Menjadi pertanyaan apakah Mafia Berkeley masih relevan dengan tantangan yang dihadapi Indonesa saat ini? Sampai saat ini murid dan cucu murid Mafia Berkeley masih terus menjejali Indonesia dengan kebijakan Neoliberal ala Washington Consensus. Padahal perlu dicatat bahwa dalam satu dekade terakhir, Bank Dunia dan IMF –yang merupakan “Tuan” dari kebijakan ekonomi neoliberal— telah mengakui berbagai kesalahannya dan telah melakukan sejumlah koreksi terhadap kebijakan mereka selama ini. Dalam berbagai kesempatan, Bank Dunia dan IMF menyatakan bahwa liberalisasi keuangan yang terlalu cepat telah meningkatkan kemungkinan suatu negara terkena krisis. Dalam publikasi terakhir Bank Dunia tentang ekonomi Asia Timur (An East Asian Renaissance: Ideas for Growth, 2007), Bank Dunia juga mengakui bahwa pemerintah harus mengambil suatu tindakan untuk mengoreksi ketidaksempurnaan pasar, terutama dengan berupaya meningkatkan skala industri domestik. Dengan kata lain, menyerahkan semuanya kepada mekanisme pasar dianggap bukan lagi merupakan pendekatan yang tepat dalam kebijakan ekonomi. Namun Mafia Berkeley dan kroninya masih terus saja menggunakan pemahaman atau semboyan lama bahwa kegagalan pemerintah lebih buruk daripada kegagalan pasar, dan dengan menyerahkan semuanya kepada mekanisme pasar, mereka juga seakan-akan telah melindungi negara dari kepentingan dan intervensi pihak-pihak tertentu. Padahal fakta sesungguhnya adalah Mafia Berkeley merupakan representasi dari kepentingan ekonomi dan finansial “Tuan” mereka di Washington.
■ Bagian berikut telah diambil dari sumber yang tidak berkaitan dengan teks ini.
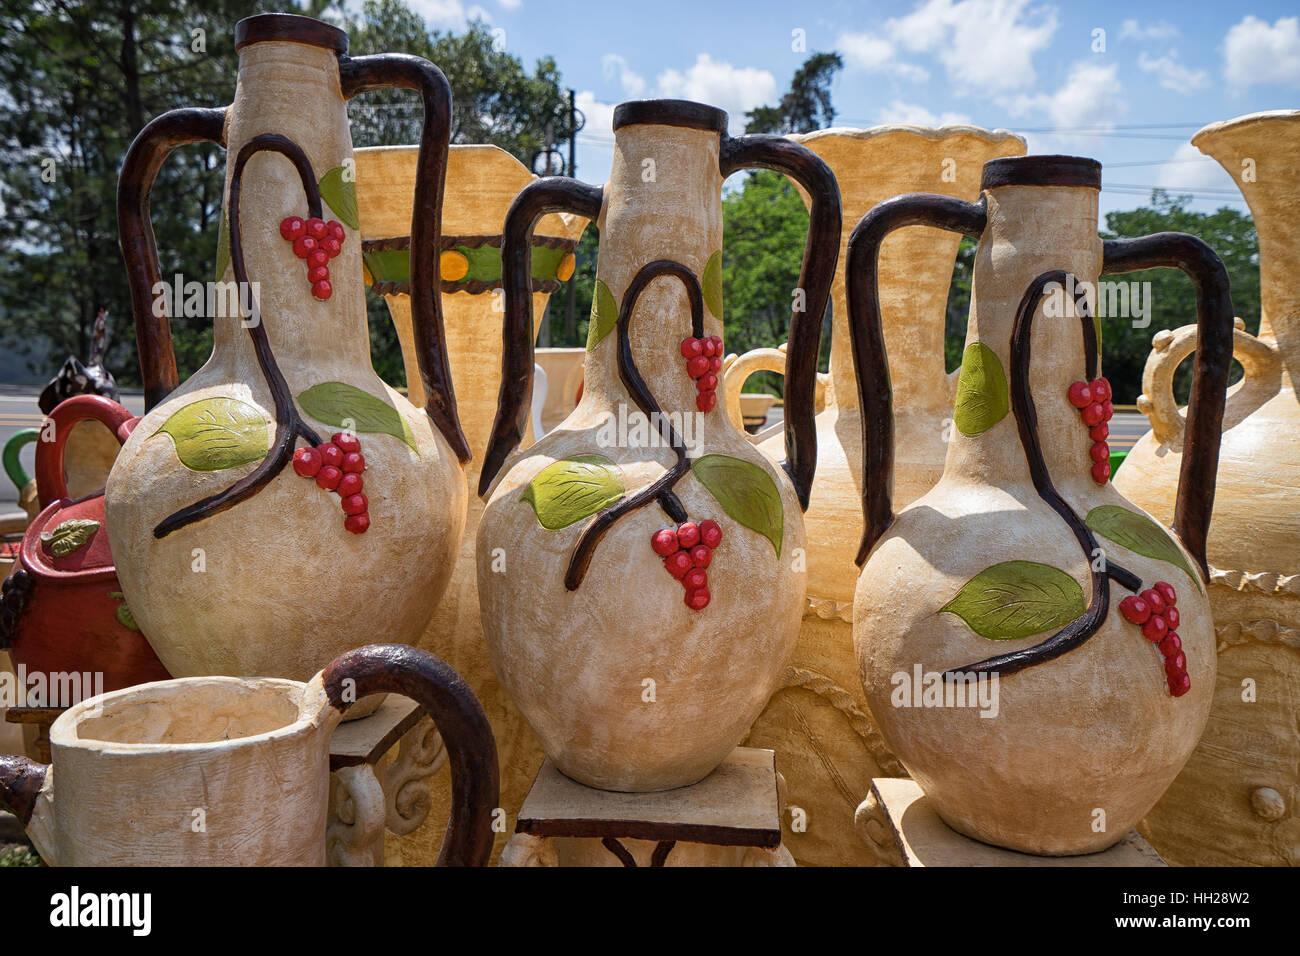 Large decorative ceramic vases, pottery stand in Honduras - Stock Image

Selain itu, kemungkinan keberhasilan murid dan cucu murid Mafia Berkeley untuk membawa Indonesia mengejar ketertinggalan dari negara Asia lainnya, juga sangat kecil karena modus operandi Mafia yang berlandaskan prinsip subordinasi dan kepatuhan global, sangat tidak cocok dengan iklim Indonesia yang demokratis pasca kejatuhan Soeharto. Mayoritas murid dan cucu-murid Mafia Berkeley juga tidak memiliki kemampuan leadership dan implementasi yang tangguh karena terbiasa didukung oleh kekuatan otoriter dan perlindungan terus-menerus dari kekuatan global. Padahal tantangan utama kebijakan ekonomi di era demokratis ini adalah leadership yang kuat dan kemampuan persuasi berlandaskan fakta. Pemimpin dituntut mampu mendemonstrasikan kepada rakyat dan DPR bahwa pilihan kebijakan ekonomi benar-benar memiliki keberpihakan kepada rakyat dan kepentingan nasional, bukan lagi dengan metode paksaan melalui penerapan berbagai peraturan layaknya era otoriter.